Когда приходится читать некрологи и разные поминальные мемуары о выдающихся людях, которых мне посчастливилось лично знать, я всегда удивляюсь: это они или не они? Кто скажет, читая элегические страницы о А. П.Чехове, В. Ф.Комиссаржевской, А. Блоке, Е. Б.Вахтангове, что они были в жизни очень веселыми людьми? А я это хорошо помню, так как сам много смеялся вместе с ними. Помню один день на гастролях в Польше, когда мы с Комиссаржевской хохотали целый день от каждого пустяка, — такое было настроение. Чехова помню почти всегда смеющимся. И с Вахтанговым мы, встречаясь, больше острили и шутили, чем проникновенно беседовали о чем — то значительном. Или, может, это я сам такой легкомысленный и беспечный человек, что они со мной так держались? Думаю, что нет. Если после моей смерти вам придется читать воспоминания, где я буду изображен надутым от важности жрецом, изрекающим вечные истины, поручаю вам заявить, что это все вранье, что я всегда был очень веселым человеком, во — первых, потому, что я больше всего люблю работать, а когда работаешь, весело, а во — вторых, оттого, что я твердо знаю: то, что говорится в шутку, очень часто бывает серьезнее того, что говорится всерьез…

У одних вид пропасти вызывает мысль о бездне, у других — о мосте. Я принадлежу ко вторым.

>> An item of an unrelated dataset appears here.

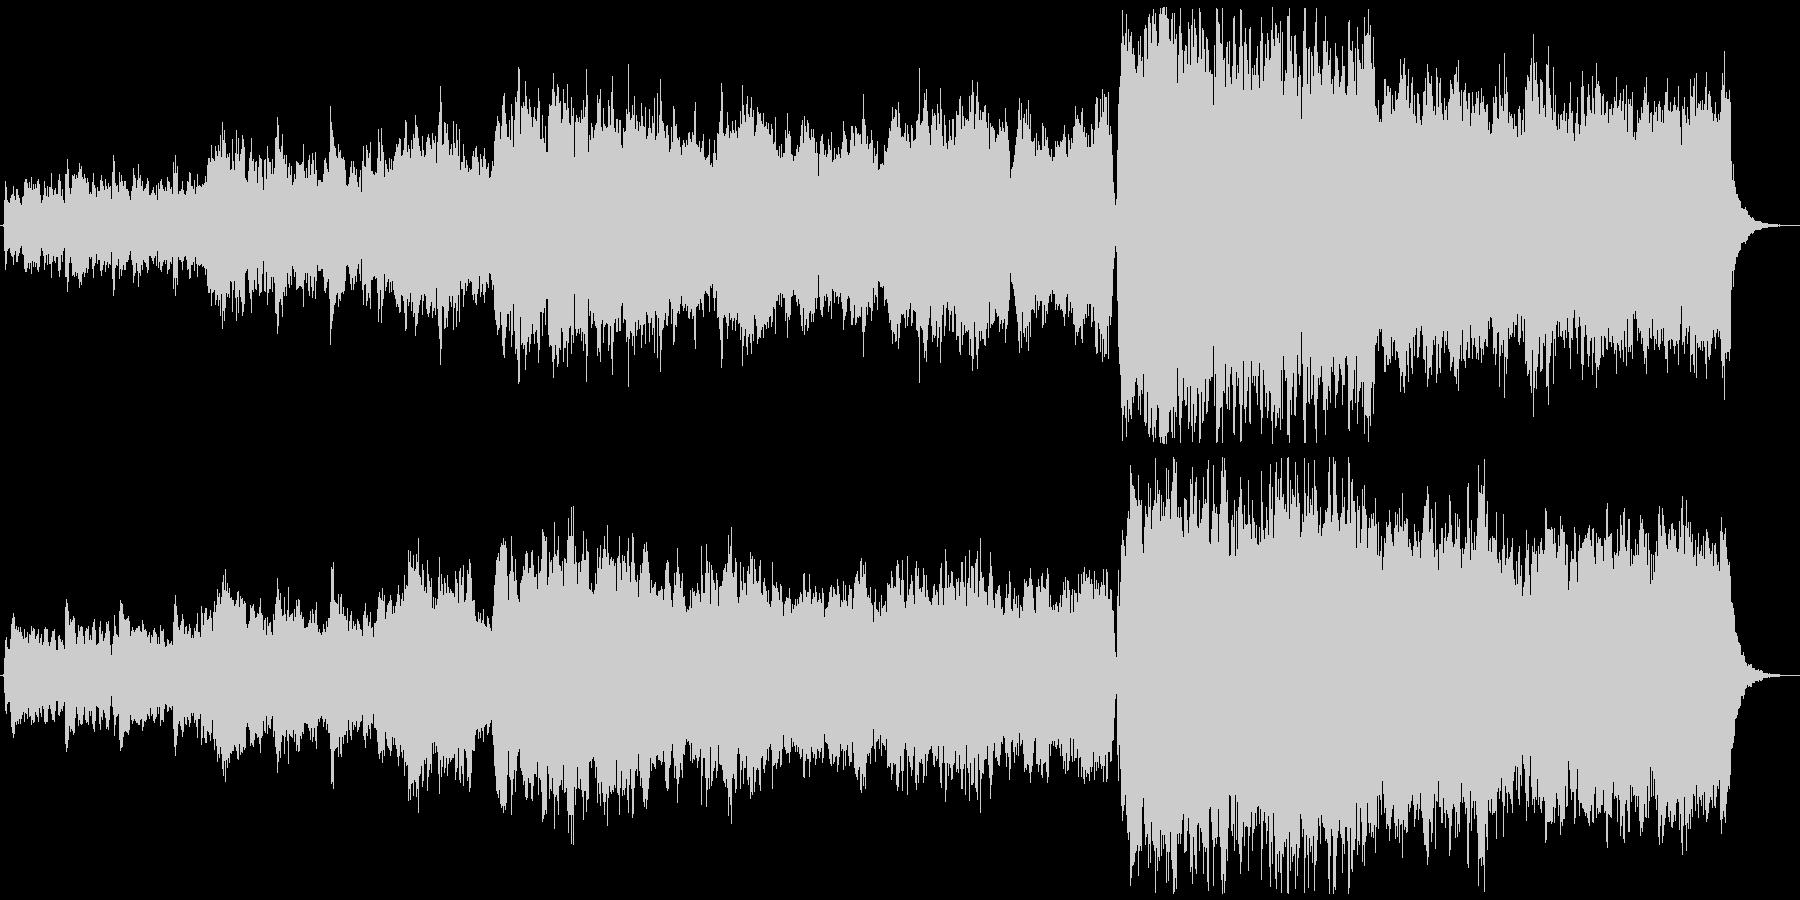 フルートからはじまる感動的なオーケストラの未再生の波形
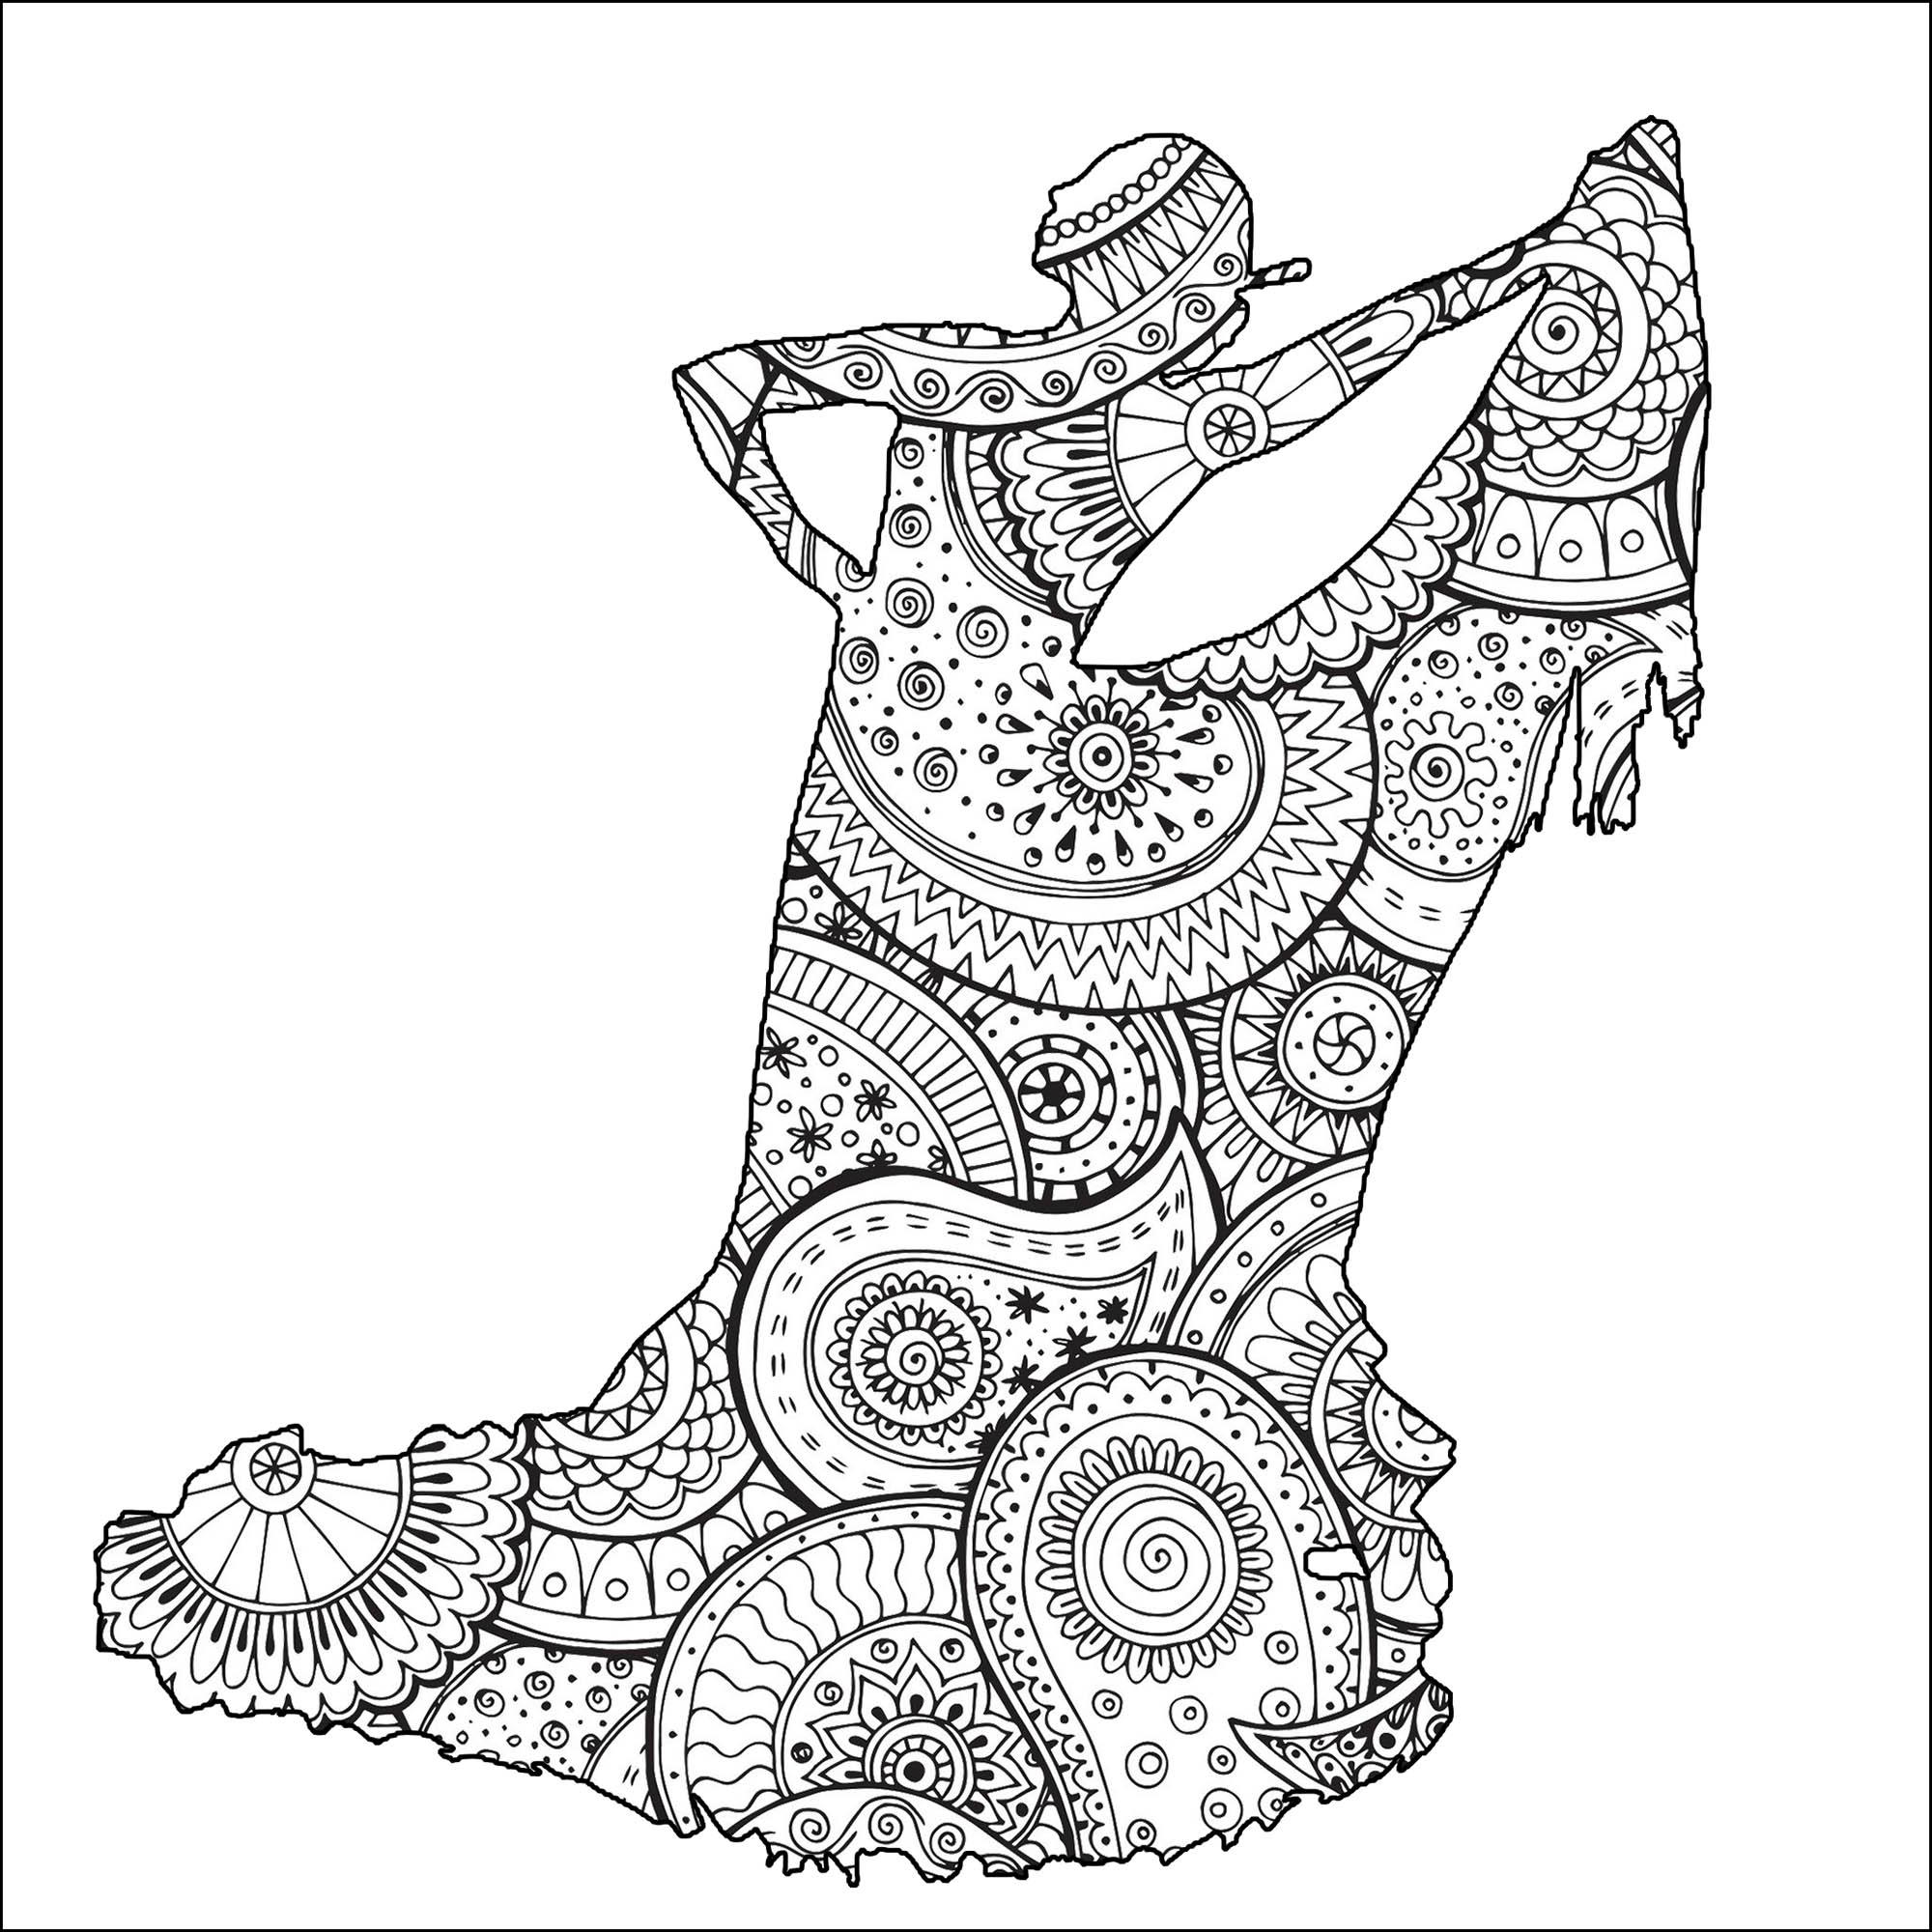 Magnifique Danseuse Flamenco avec motifs Zentangle et Paisley à colorier

Вы говорите «театроведение», а я не знаю, что это такое. Ученые спорят между собой о дальних, конечных выводах науки, но все согласны с тем, что при ста градусах вода кипит. А в нашей области еще не установлены подобные азбучные истины. Во всем полная разноголосица! Первая задача так называемого театроведения — установление единства терминологии и формулировка «азбучных истин». Только тогда оно может претендовать на то, чтобы называться наукой. Но боюсь, что до этого еще далеко… Вы ждете от меня толстого тома о моем режиссерском опыте, а я мечтаю о тоненькой книжечке, почти брошюрке, где я попытаюсь изложить некоторые из этих азбучных истин. И для нее пригодится весь мой «огромный» опыт. Не знаю только, хватит ли у меня времени быть кратким, как хорошо сказал кто — то…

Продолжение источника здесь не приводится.